See https://llvm.org/PR33743 for more details

It seems that for non-power of 2 vector sizes, the algorithm can produce
non-matching sizes for input and result causing an assert.

This usually isn't a problem as the isAnyExtend check will weed these out, but
in some cases (most often with lots of undefined values for the mask indices) it
can pass this check for non power of 2 vectors.

Adding in an extra check that ensures that bit size will match for the result
and input (as required)

Event Timeline

dstuttard created this revision.Jul 11 2017, 3:26 AM
dstuttard added a subscriber: llvm-commits.
dstuttard added a subscriber: RKSimon.

Not sure who is an appropriate reviewer for this, adding @RKSimon as he seems to have made several changes in the same area.

RKSimon edited edge metadata.

Any chance that you can bugpoint reduce the test case?

It's already bugpoint reduced - I tried trimming it further by hand but it hid the issue (unsurprisingly).

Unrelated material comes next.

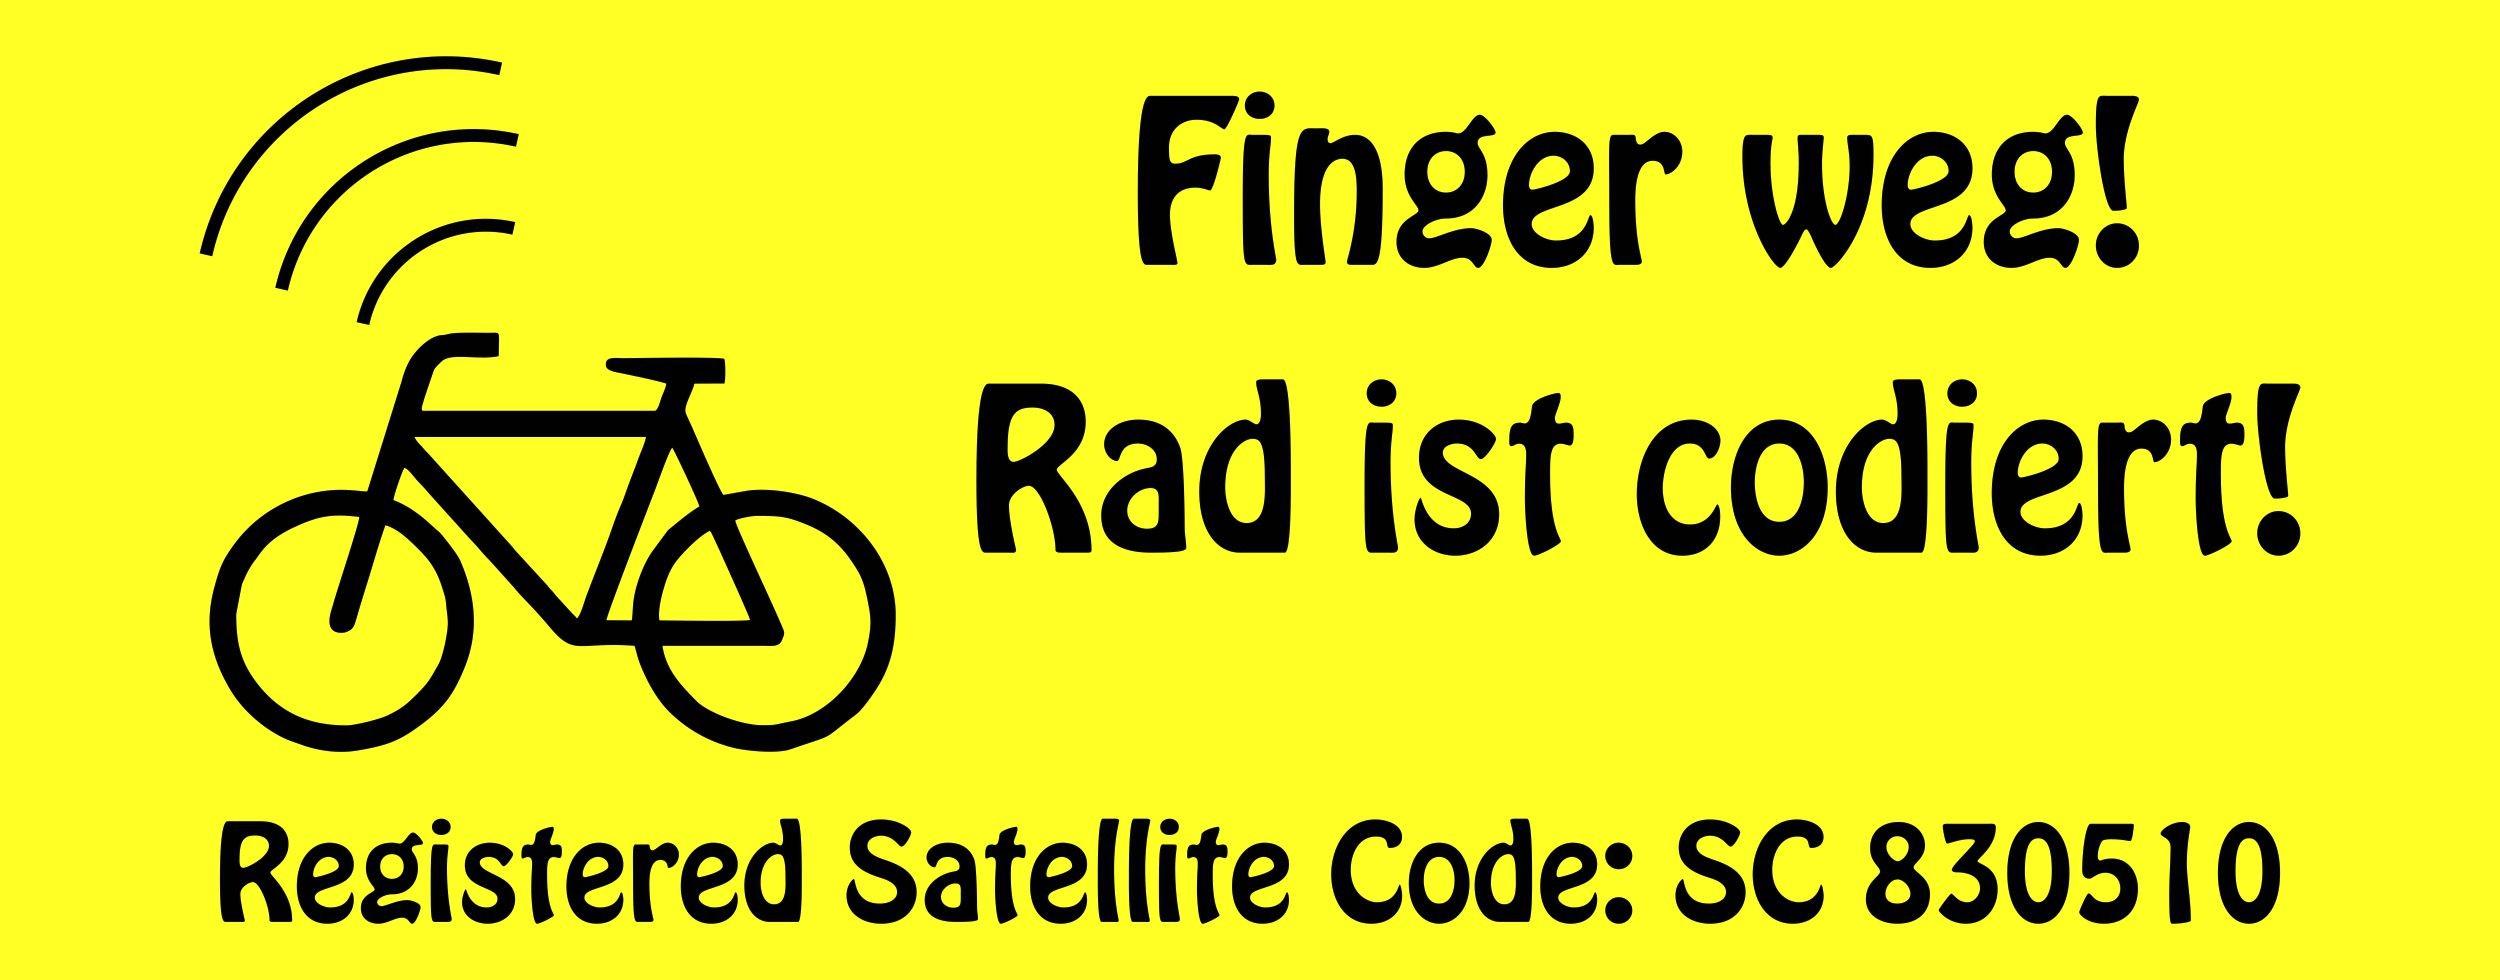 Autocollant Finger weg! Rad ist codiert! Registered Satellite: SC 830510 jaune – Bild 1

OK, I'm happy with the fix if the amdgpu guys are with the test case.

arsenm edited edge metadata.Aug 1 2017, 11:53 AM

Can you reduce the test any further?

Can you reduce the test any further?

It took quite a while to get it to this point :)
Attempts to reduce it further just stopped the problem occurring. If it is a big problem I can take another look.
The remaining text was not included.